By the time the romance becomes explicit, it has been so carefully built that the emotional effect is proportionate to the buildup. Suri understands that romance is most powerful when it is earned slowly in a context where both people have substantive reasons not to risk what they’re risking.
The sapphic element is not incidental or tokenistic — it is central to the dynamic. Both women have specific reasons why their attraction is risky, and both have specific interiorities that shape how they experience and express it.
The Parijatdvipa World
Suri builds her world from the traditions of the Indian subcontinent rather than European fantasy conventions, and the result is a setting that feels both specific and unfamiliar in productive ways. The caste structures, the religious traditions, the specific landscape, the ways that colonialism has reshaped the cultural geography — all of this is rendered with the depth that comes from genuine knowledge.
The magic system — the natborn’s ability to call on living flowers and sacred waters — is tied to this cultural world in ways that make it meaningful rather than just mechanically powerful. Magic in this novel is not simply an ability that some people have; it is a form of connection to a specific landscape and tradition that the empire has tried to destroy.
The Political Complexity
The Priory of the Orange Tree trilogy, of which this is the first book, has a political complexity that requires sustained attention. The empire’s factions, the resistance movements within conquered territories, the specific power dynamics within the ruling family — these are not simplified into good and evil but rendered as competing interests with comprehensible motivations.

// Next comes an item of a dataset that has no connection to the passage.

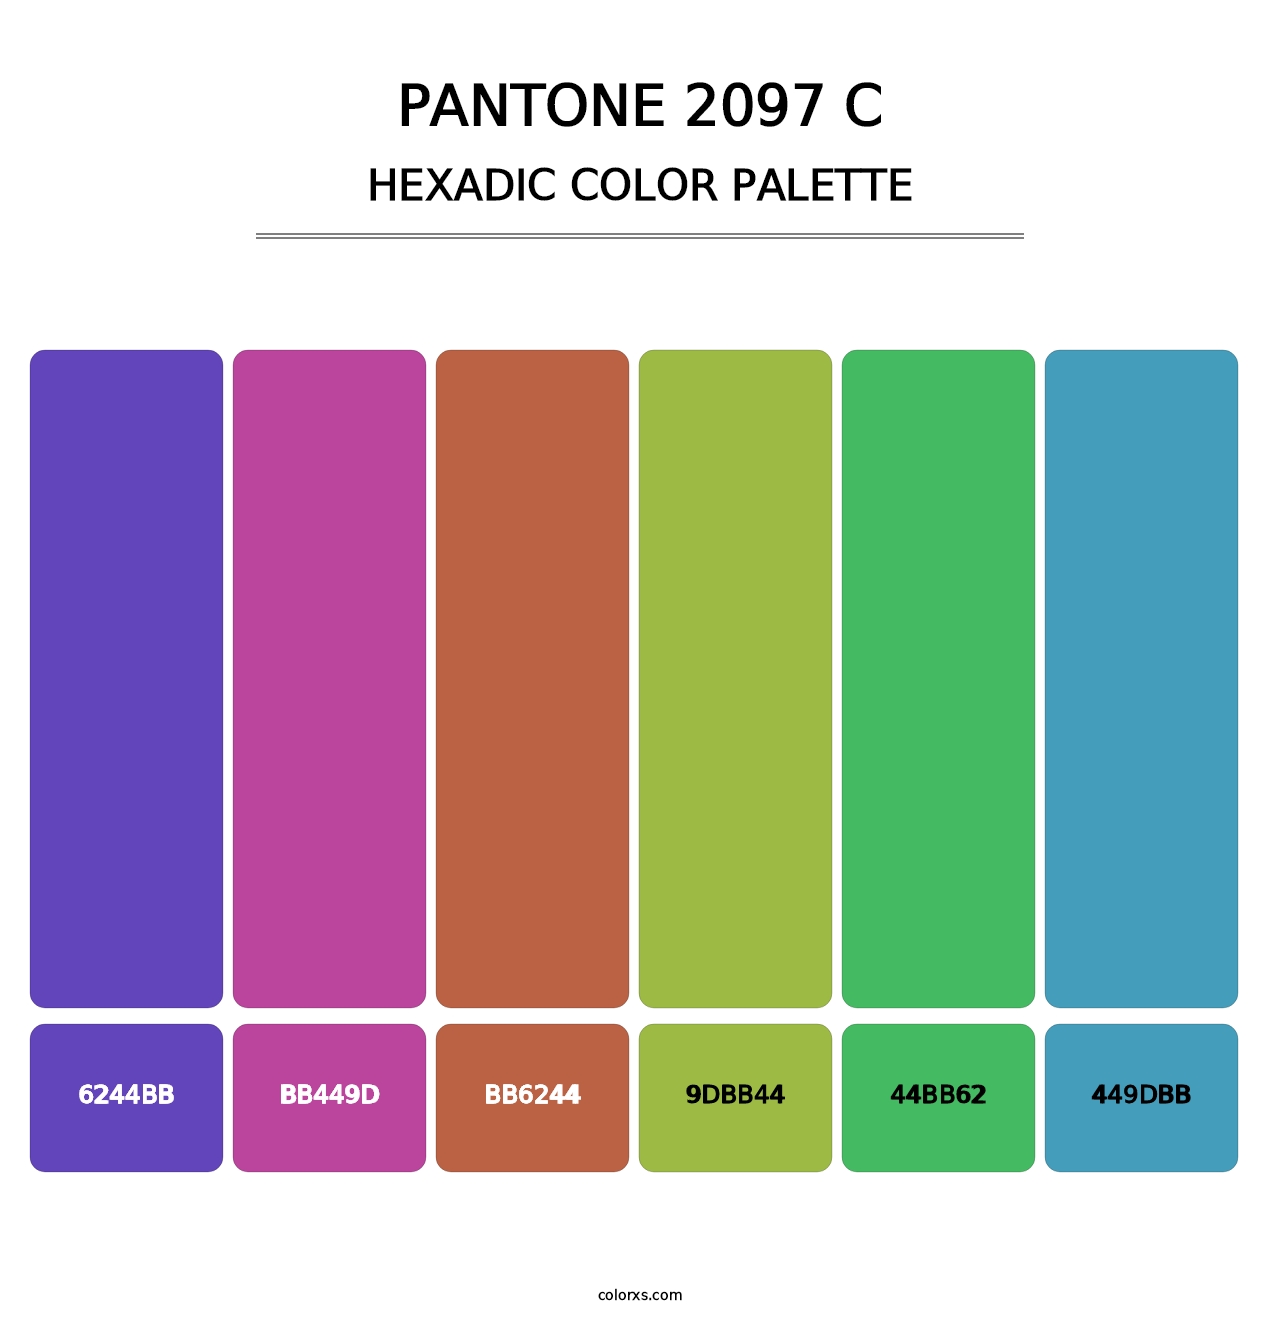 PANTONE 2097 C - Hexadic Color Palette

This complexity is demanding in the opening hundred pages, as the world establishes itself. Readers who persist find themselves in a political landscape that rewards the attention it requires.
A Deserved Reputation
The Jasmine Throne won the Lambda Literary Award for LGBTQ Science Fiction/Fantasy/Horror and was nominated for numerous other awards, recognitions that reflect its achievement. It is a fantasy novel that succeeds at multiple ambitious aims simultaneously: world-building, romance, political complexity, and thematic depth about colonialism and cultural survival.
Our rating: 4.4/5 — One of the finest fantasy novels of recent years. The sapphic romance is beautifully developed, the world is genuinely imaginative, and the themes about empire and cultural knowledge are handled with sophistication.
Frequently Asked Questions
What is "The Jasmine Throne" about?
In a world inspired by ancient India, a fugitive princess and the emperor's servant discover a forbidden magic that could save or destroy their empire — and find each other in a situation designed to keep them apart.
Who should read "The Jasmine Throne"?
Fantasy readers who want sapphic romance alongside world-class world-building, fans of She Who Became the Sun and The Poppy War, and anyone interested in Indian-inspired fantasy settings.
What are the key takeaways from "The Jasmine Throne"?
Colonial empires always destroy the cultural knowledge of the peoples they subordinate The magic of the natural world — plants, water, living things — is a recurring metaphor for indigenous knowledge Love that crosses the lines of empire is always political Survival within a hostile system requires forms of concealment that have their own costs The most dangerous knowledge is often the knowledge that was suppressed for being dangerous
Is "The Jasmine Throne" worth reading?
One of the finest fantasy novels of recent years — Suri's Parijatdvipa is imaginatively rich, the sapphic romance is beautifully developed, and the magic system is among the most emotionally resonant in contemporary fantasy.